LOSING his mother at the tender age of six and dropping out of school in Class Seven did not deter Jimmy Pickering Qalovaki from achieving his dream of being a successful businessman.
"It was through hard work, patience and God's grace that I was able to make it to where I am today," said Jimmy, the proud director and owner of Island Tropical Forest — a timber exporting company based in Veisari outside Lami.
Nicknamed "the Garbage Man" by his colleagues in the timber industry for the nature of his business, as Jimmy only deals with "garbage" or left overs of mahogany from areas that have been logged out, Jimmy is a true opportunist.
"When the cutting of mahogany is completed in one area then it's my turn to come in and collect the waste mahogany that has been left behind and whenever I come around they will say here comes Jimmy 'the Garbage Man' because I clean up the left overs," said Jimmy.
Jimmy hails from Salia, Nayau in the Lau Group and is the only iTaukei miller in Fiji. He is now exporting his products straight to China trading with the Zhuan Xin Teakwood Manufacturing Co. Ltd. However, Jimmy's success only came about through his hard work and determination to succeed against all odds.
"I gave up my education to give the chance to my other siblings being the eldest male and I had to assist my dad in looking after the family."
His first jobs was as a garden boy among a long list of other odd jobs. He then ventured into fishing buying a fibreglass boat from his savings starting his diving business. Commercial fishing followed soon after and he was part of the management of the Great Pacific Seafood — a company that was opened in the early 1990s.
"This is where I learnt a lot about business. Being a primary school drop-out you would understand how difficult it was to be involved in business."
Jimmy's involvement with the fishing industry ended when the industry suffered in 2002.
"In 2003 Fiji Hardwood Corporation Ltd (FHCL) started cutting mahogany logs and I took this opportunity and ventured in to the timber industry. I sought advice from FHCL and they encouraged me to go ahead with my business because I wanted to buy waste logs from them.
"I'm utilising waste mahogany wood which is 0.9m in thickness with varying lengths. This is very good because it maximises the use of trees that have been cut to not only generate money but also employment. I didn't want to deal with logs but I opted with the waste because when you cut a tree about 40 per cent is used and the remaining 60 per cent is waste and simple mathematics would suggest that they is more waste so more business for me."
Jimmy won the 2006 Exporter of the Year Award and what was supposed to be a stepping stone to greater things instead took the opposite turn when local businesses that he relied on for hiring machinery began to close their doors on him.
"In 2007, I couldn't cut any timber.

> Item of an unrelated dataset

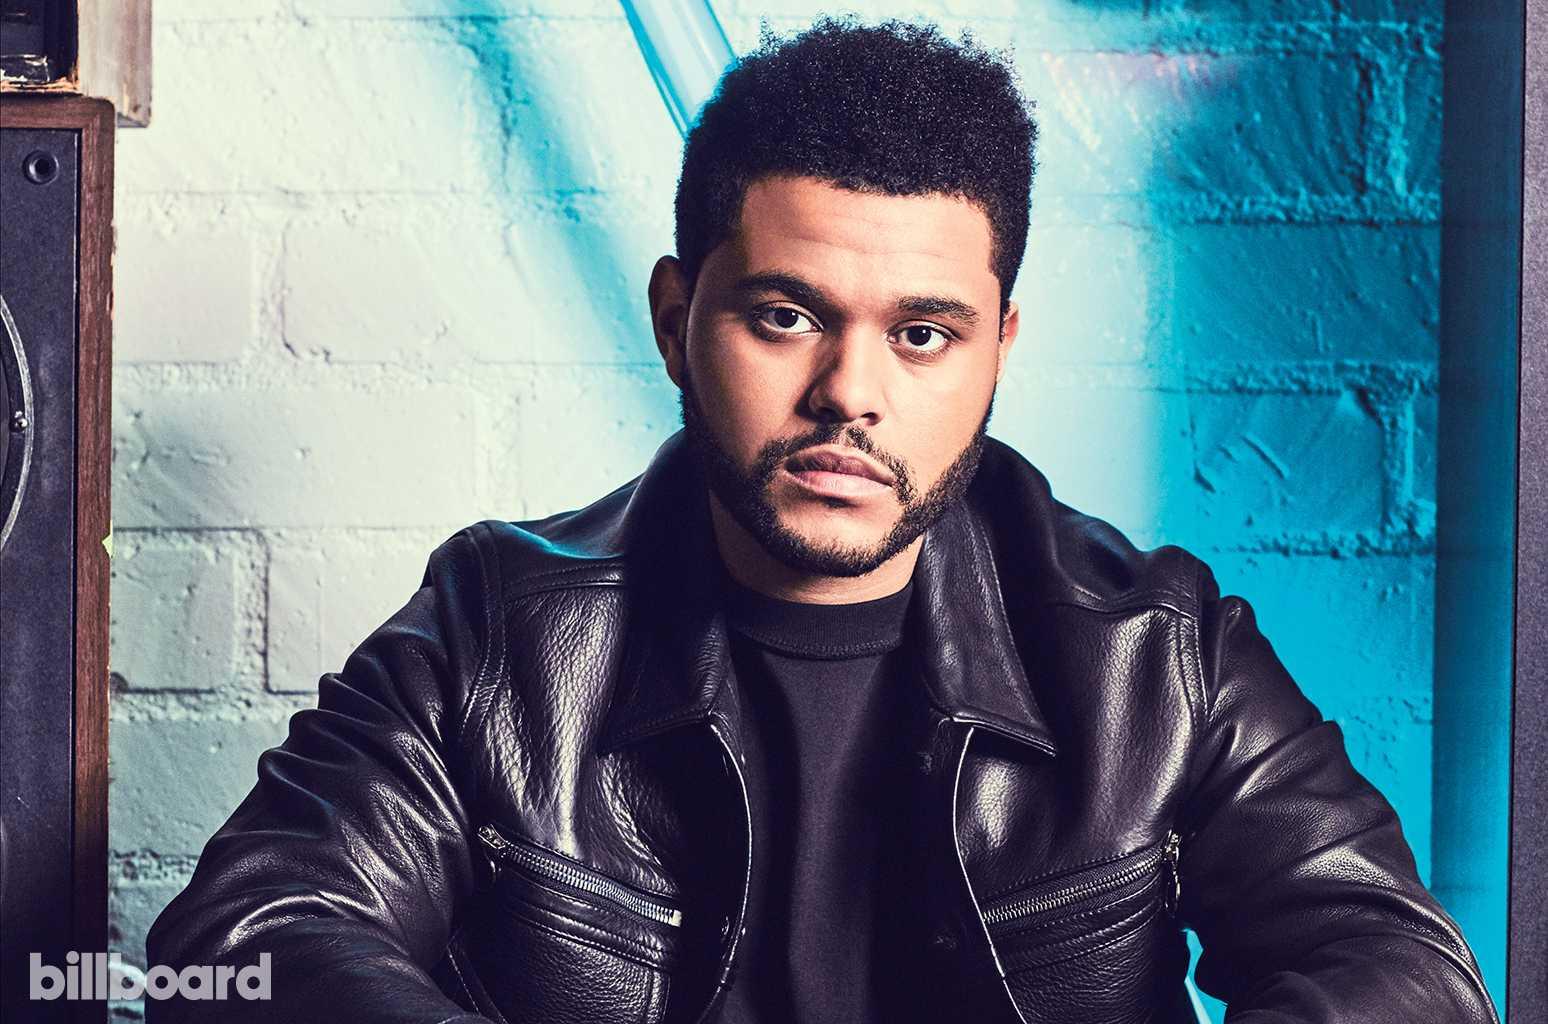 The Weeknd Celebrates His Birthday In 'XO' Fashion | Weeknd

So I went to China to purchase my own mill and likewise look for possible buyers to buy my products. I was also able to acquire this 20-acre piece of freehold land in Veisari for my mill.
"I didn't have much capital because of my purchases so a friend of mine told me to try Fiji Development Bank. I thank the bank for their financial assistance which made it possible for me to build the shed for the mill, electricity and working capital."
Jimmy was assisted under the Reserve Bank of Fiji's Import Substitution and Export Finance Facility (ISEFF) administered through FDB. The ISEFF is targeted to assist exporters and large-scale agricultural farming businesses to borrow at a concessional rate from Commercial Banks including FDB and other licensed credit institutions. ISEFF is aimed at Export Finance - advance the competitiveness and ensure the availability of credit to the export sector and; Import Substitution — promote commercial agricultural production; advance the competitiveness of local agricultural produce and to assist the reduction of imports on agricultural products.
This facility is available farmers, sole traders, partnerships, private or limited liability companies and co-operatives. The purpose of the loan is to provide working capital needs such as: purchase of raw materials; stock; licensing requirements for export and transportation; for export consignments and contractual transportation; storage and packing costs and; purchase of plant and machinery, farm vehicles.
Early this year the mill was fully operational with the new machines in place and the first load of 10 containers gone to China in mid-August.
"My contract states that I need to produce 10 containers minimum per month and maximum is up to 200 containers. My buyer is willing to buy right down to 0.35 cubic metres which means I can utilise more waste pieces. I have 42 people working for me and for a small operation this is quite a big number and I'm looking forward to expanding so I can increase my quantity."
The advantage that Jimmy has is that he has an official from his Chinese buyer present at the site who inspects all of the products before they are packed for export. This ensures there are no rejects and all the products are sure money makers.
Jimmy sure puts a whole new meaning to garbage disposal being the opportunist that he is.
* Lote Raboila is the media and community relations officer of the FDB.